We talked and I was open with her. She didn’t freak when I talked about ECT or my OD. Her sister had ECT---when ECT was much worse I’m sure. We talked about non-PC stuff. She was my grandma this afternoon. She assured me that my grandmother would not mind if I took down her decorative plates in the bedroom and put up my things. Things…the house…they are not a shrine to her. She is in our hearts. And, Evelyn firmly believes—more so as she’s turned into an Old Person—that God will give us the strength to get through what we need to and his ways are mysterious.
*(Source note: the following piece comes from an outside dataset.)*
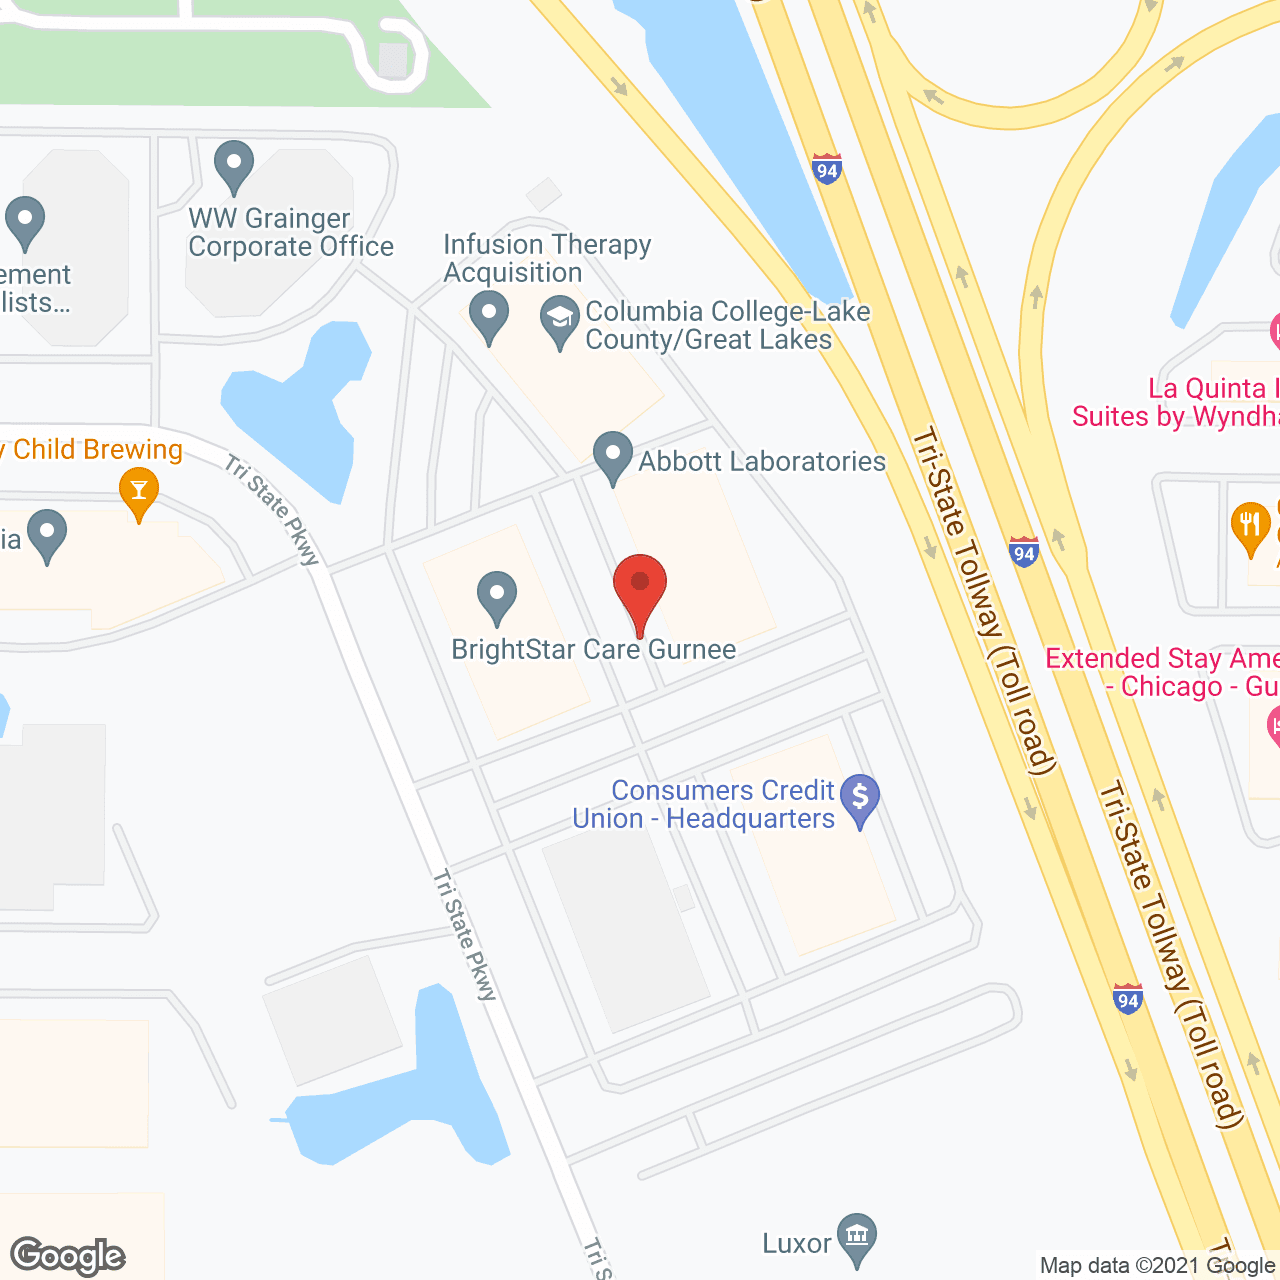 BrightStar Care - Gurnee, IL in google map
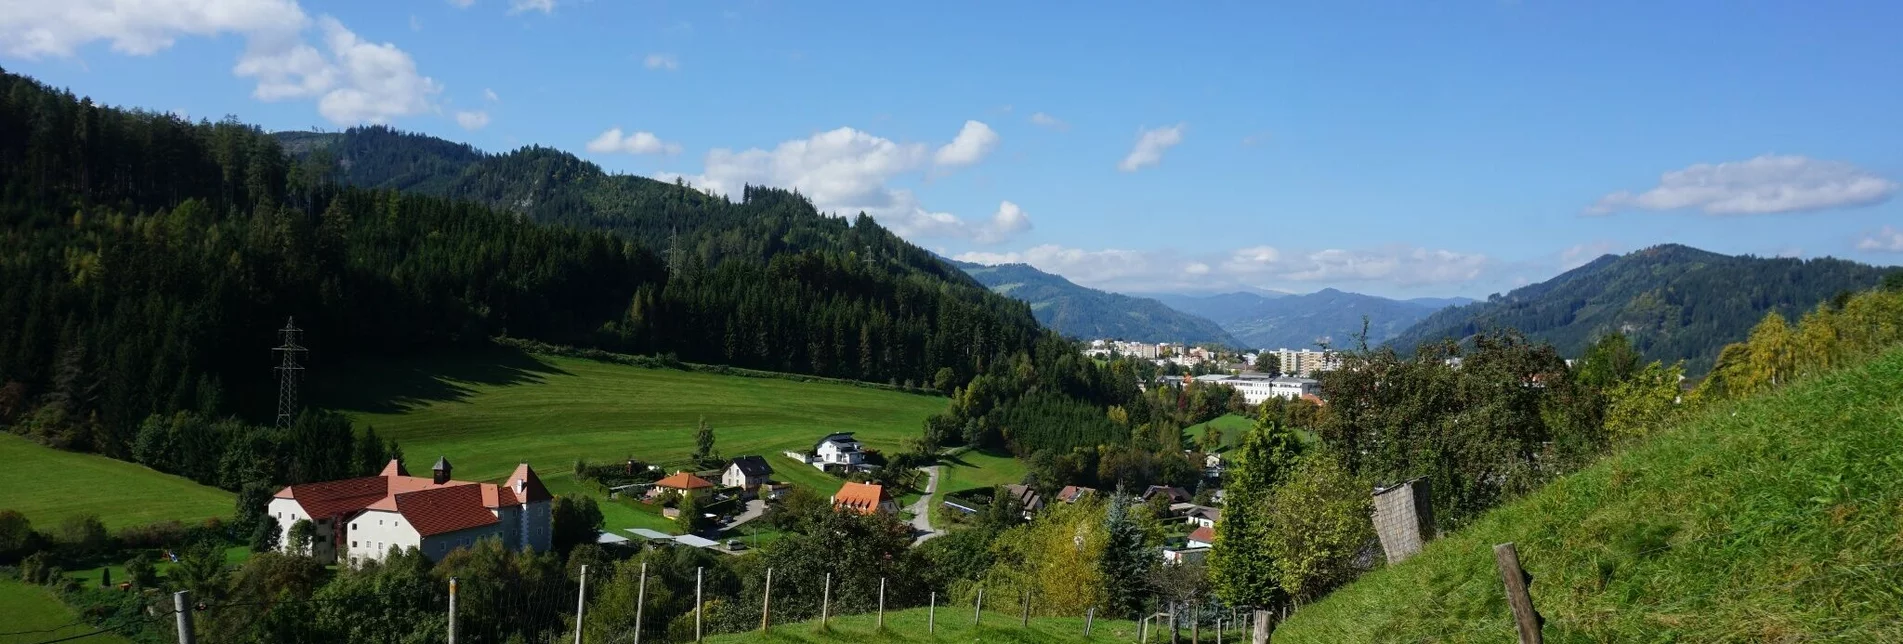 Hiking route Hike around the Liechtensteinberg - Touren-Impression #1 | © Erlebnisregion Murtal

Who helped whom today? Evelyn made my day and I made hers. Visiting Old People is giving a gift to ourselves. Befriending the lonely, no matter the age, is Christ’s work.

Irony? We colored together!  

Smoke ‘em if ya’ got ‘em. God Bless

In the name of The Father, Son, and Holy Spirit; Mother Mary, Saint Brigid; Saint Jude; Saint Therese Lisieux; Saint Peter; Archangel Michael, and my Guardian Angel.

PS: Martha is very proud of me for telling T. exactly what was what. Thanks, Martha—your being proud of me was not lost on me. Martha also says I need to take back my “NO.” The bullies and abuse stole my NO. I can take it back. Oh, and also I am not responsible for others' emotions. And, I can still be a good granddaughter and not take G-Pa to his noisy, touchy, long, protestant church on Sunday. (9 a.m.--really?)

“No. I will not put up with that bullshit.”


PPS: Epilating? The best thing ever! It takes time, but it pulls those suckers right out by the roots. Legs, bikini area—all of it. Except under my arms—I can figure how to hold my skin taut and use the epilator at the same time. So much better than shaving! Yeah, it is a little prickly—but so worth it!